Genome sizes (--genome-size-files):)
Ganon will automatically download auxiliary files to define an approximate genome size for each entry in the taxonomic tree. For --taxonomy ncbi the species_genome_size.txt.gz is used. For --taxonomy gtdb the *_metadata.tar.gz files are used. Those files can be directly provided with the --genome-size-files argument.
Genome sizes of parent nodes are calculated as the average of the respective children nodes. Other nodes without direct assigned genome sizes will use the closest parent with a pre-calculated genome size. The genome sizes are stored in the ganon database.
Retrieving info (--ncbi-sequence-info, --ncbi-file-info):)
Further taxonomy and assembly linking information has to be collected to properly build the database. --ncbi-sequence-info and --ncbi-file-info allow customizations on this step.

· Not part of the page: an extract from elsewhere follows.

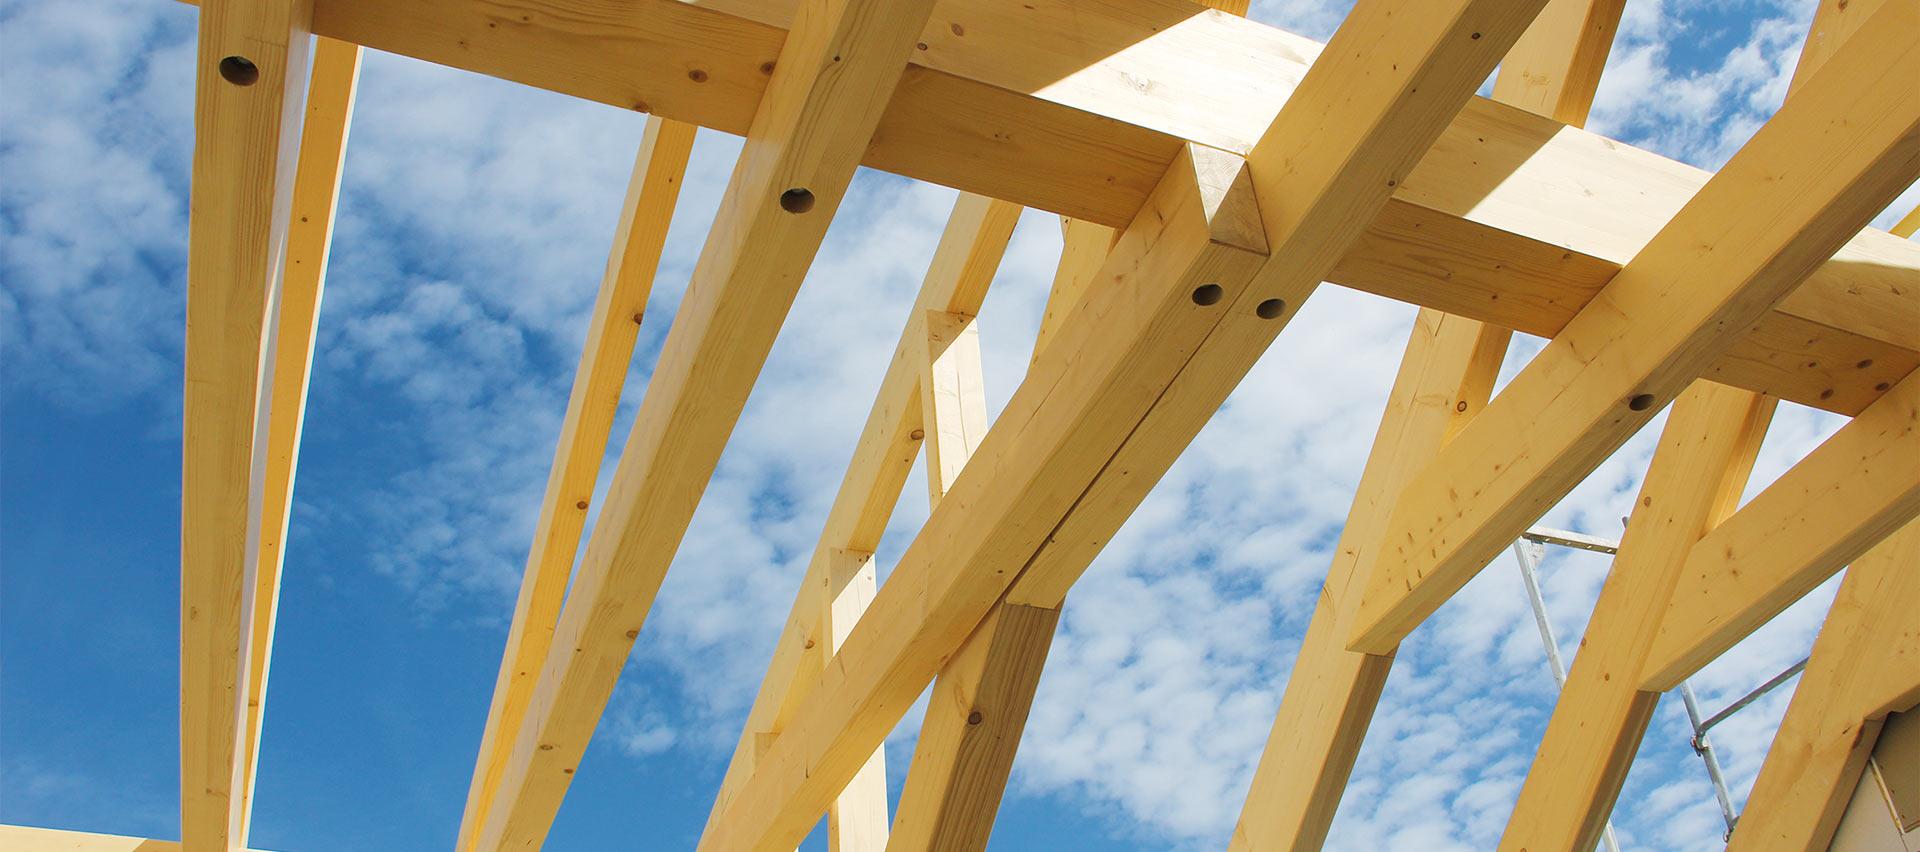 Konstruktionsvollholz für den Giebel von Holz-Hauff in Leingarten

When --input-target sequence, --ncbi-sequence-info argument allows the use of NCBI e-utils webservices (eutils) or downloads accession2taxid files to extract target information (options nucl_gb nucl_wgs nucl_est nucl_gss pdb prot dead_nucl dead_wgs dead_prot). By default, ganon uses eutils up-to 50000 input sequences, otherwise it downloads nucl_gb nucl_wgs from https://ftp.ncbi.nlm.nih.gov/pub/taxonomy/accession2taxid/. Previously downloaded files can be directly provided with this argument.
When --input-target file, --ncbi-file-info uses assembly_summary.txt from https://ftp.ncbi.nlm.nih.gov/genomes/ to extract target information (options refseq genbank refseq_historical genbank_historical. Previously downloaded files can be directly provided with this argument.
If you are using outdated, removed or inactive assembly or sequence files and accessions from NCBI, make sure to include dead_nucl dead_wgs for --ncbi-sequence-info or refseq_historical genbank_historical for --ncbi-file-info. eutils option does not work with outdated accessions.